Coinbase analysts confidently forecast positive trends in the cryptocurrency market despite potential seasonal fluctuations and historical patterns.

Factors Supporting the Crypto Market

Coinbase analysts David Duong and Colin Basco highlight several macroeconomic advantages that bolster the cryptocurrency market. Bitcoin (BTC) benefits from favorable economic conditions, while regulatory signals play a crucial role in sustaining market momentum.

> "Barring a shock to energy prices we think the immediate risk to disrupting the current U.S. monetary policy path is actually quite low," the analysts remarked.

On-chain demand from digital asset treasuries (DATs) further stabilizes prices, helping protect the market against potential downturns.
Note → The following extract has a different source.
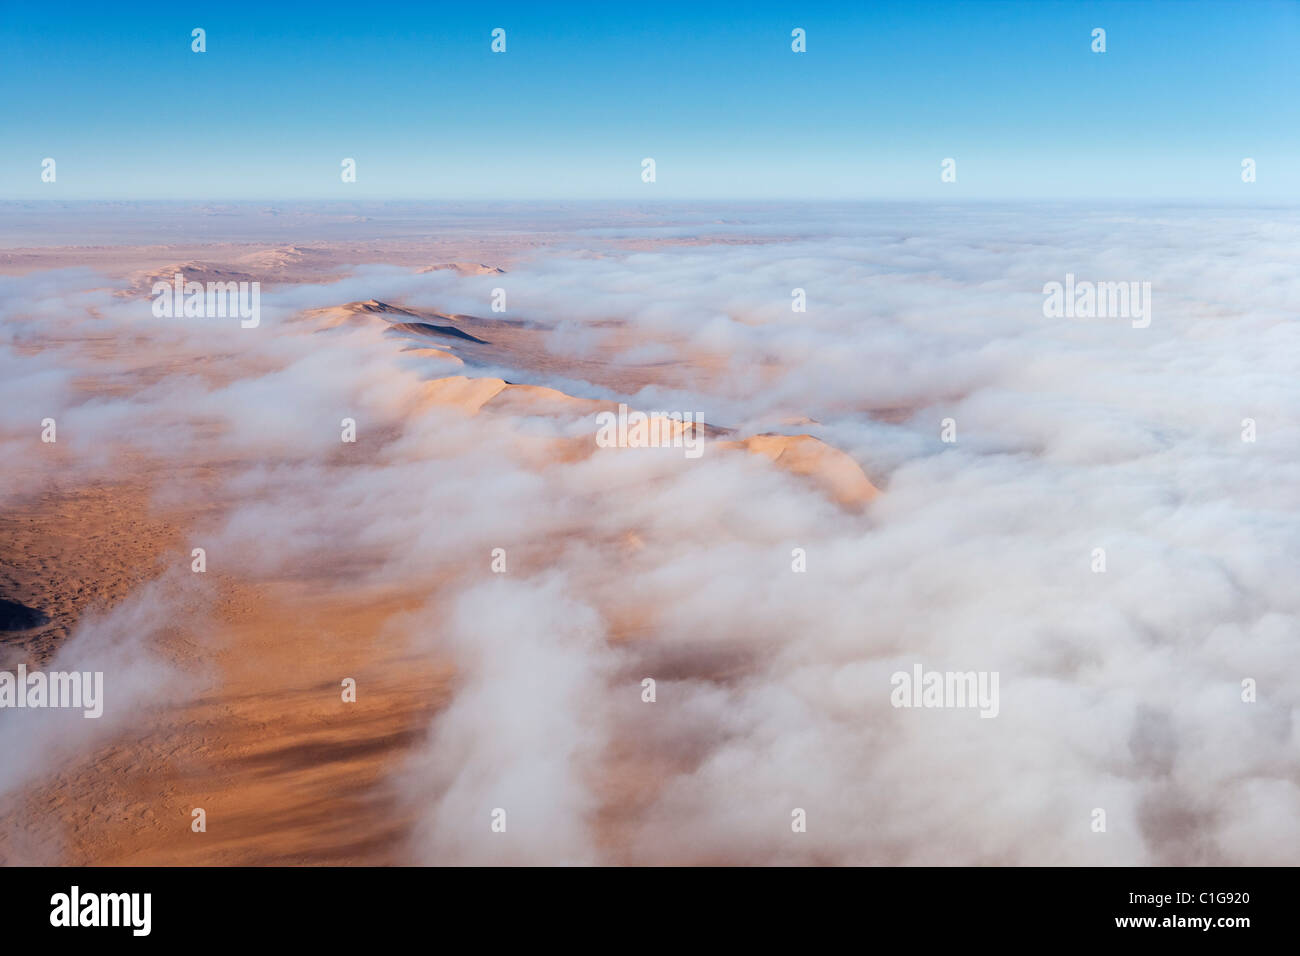 Aerial view of sand dunes of the Namibian desert Stock Photo

Seasonal Patterns: Are They Still a Concern?

A persistent worry for investors has been the historical performance of Bitcoin during September. From 2017 to 2022, the cryptocurrency suffered declines, leading to trepidation as September rolls around. However, this pattern did not repeat in 2023 and 2024, suggesting the limits of relying solely on seasonal trends. Moreover, the small sample size diminishes the reliability of such patterns, encouraging a broader examination of market influences.

Impact of Current Dynamics on Investors

Publicly disclosed data shows a significant holding of cryptocurrencies by DATs, with over a million BTC, 4.9 million ETH, and 8.9 million SOL held as of September. This indicates a stable underlying factor supporting current prices.

> "A more meaningful factor is where we are in the DAT cycle," Coinbase highlighted.

The market shift toward high-risk altcoins implies a “player-versus-player” phase, suggesting potential advantages for larger-cap tokens and looming consolidation among smaller DAT participants.

Coinbase analysts suggest that these dynamics could pave the way for a strong ending to the year. Factors such as robust liquidity, supportive macroeconomic elements, and positive regulatory signals may promote this trend. Although uncertainties persist, the forecast cautiously projects a favorable environment for the crypto market moving forward.